As such, there may be a wealth of buying opportunities available today. Income seekers may be able to capitalise on high yields that make dividend stocks more attractive than other mainstream assets, such as cash and bonds, which offer modest real-terms returns in many cases. And with the world economy’s near-term outlook being uncertain, growth investors may benefit from the relatively defensive characteristics of dividend shares when compared to cyclical companies.
Clearly, buying dividend stocks is not without risk. There is always the potential for a business to experience a difficult period which causes it to reduce dividends, or for its share price to decline. Therefore, diversifying across a range of income shares is of high importance.

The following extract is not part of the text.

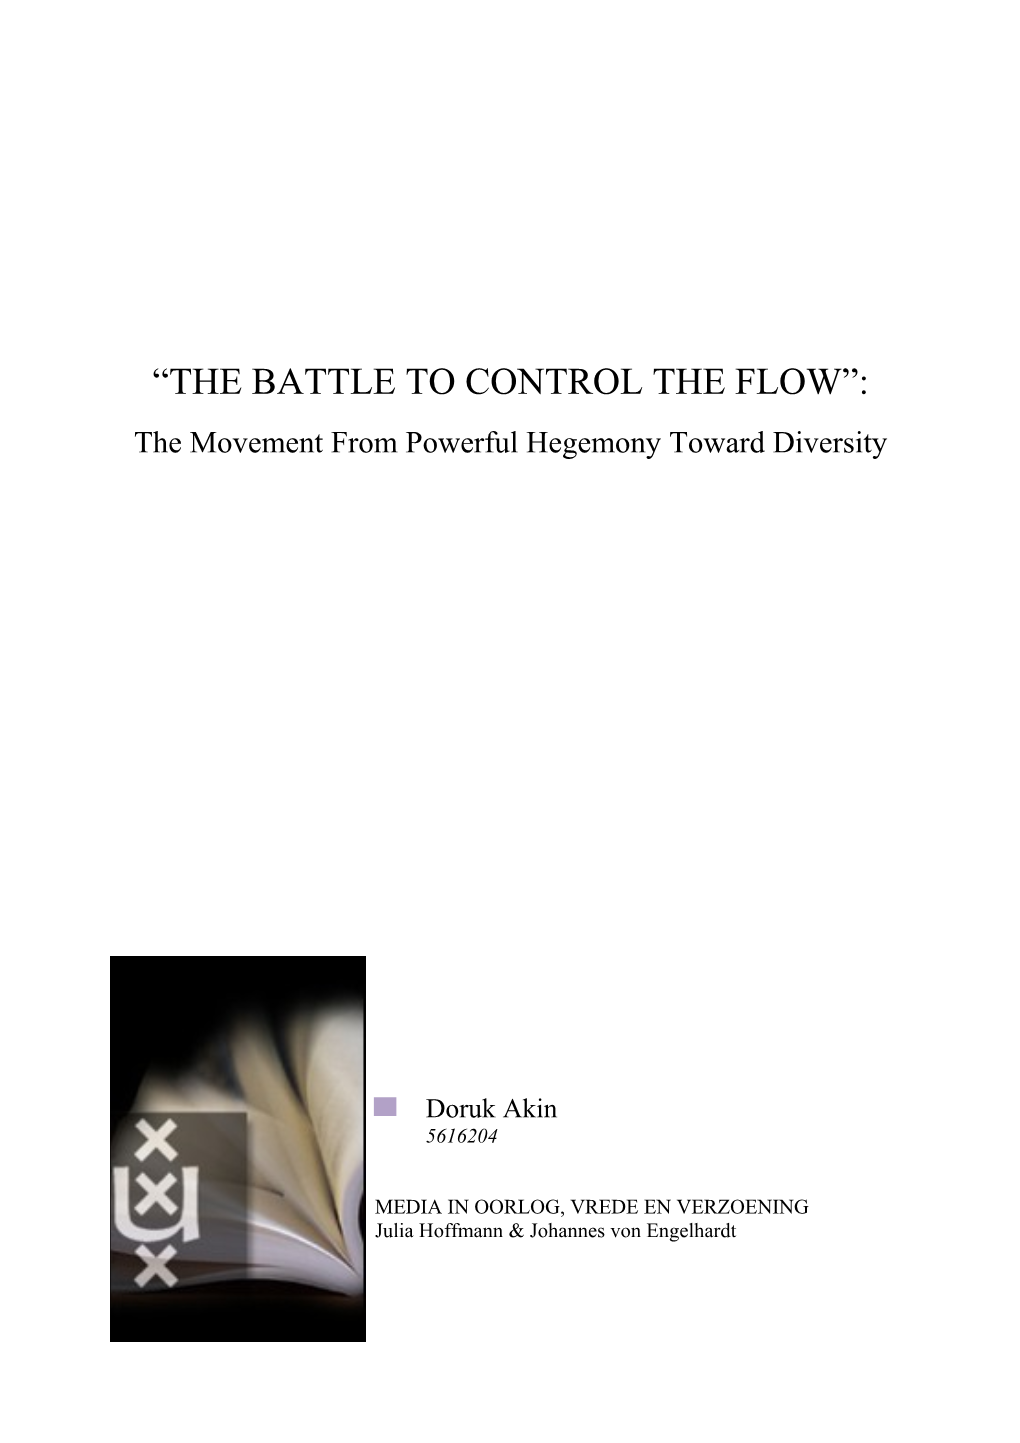 Bachelor Thesis the Battle to Control the Flow

It reduces company-specific risk and may enhance your portfolio’s risk/reward ratio.
Looking ahead, the long-term total return potential of dividend shares means that their risk/reward ratio may be relatively attractive. As well as being more appealing than bonds, cash and property on a long-term basis, they may outperform growth stocks. Therefore, now could be a good time for investors to purchase dividend shares and hold them for a long period of time.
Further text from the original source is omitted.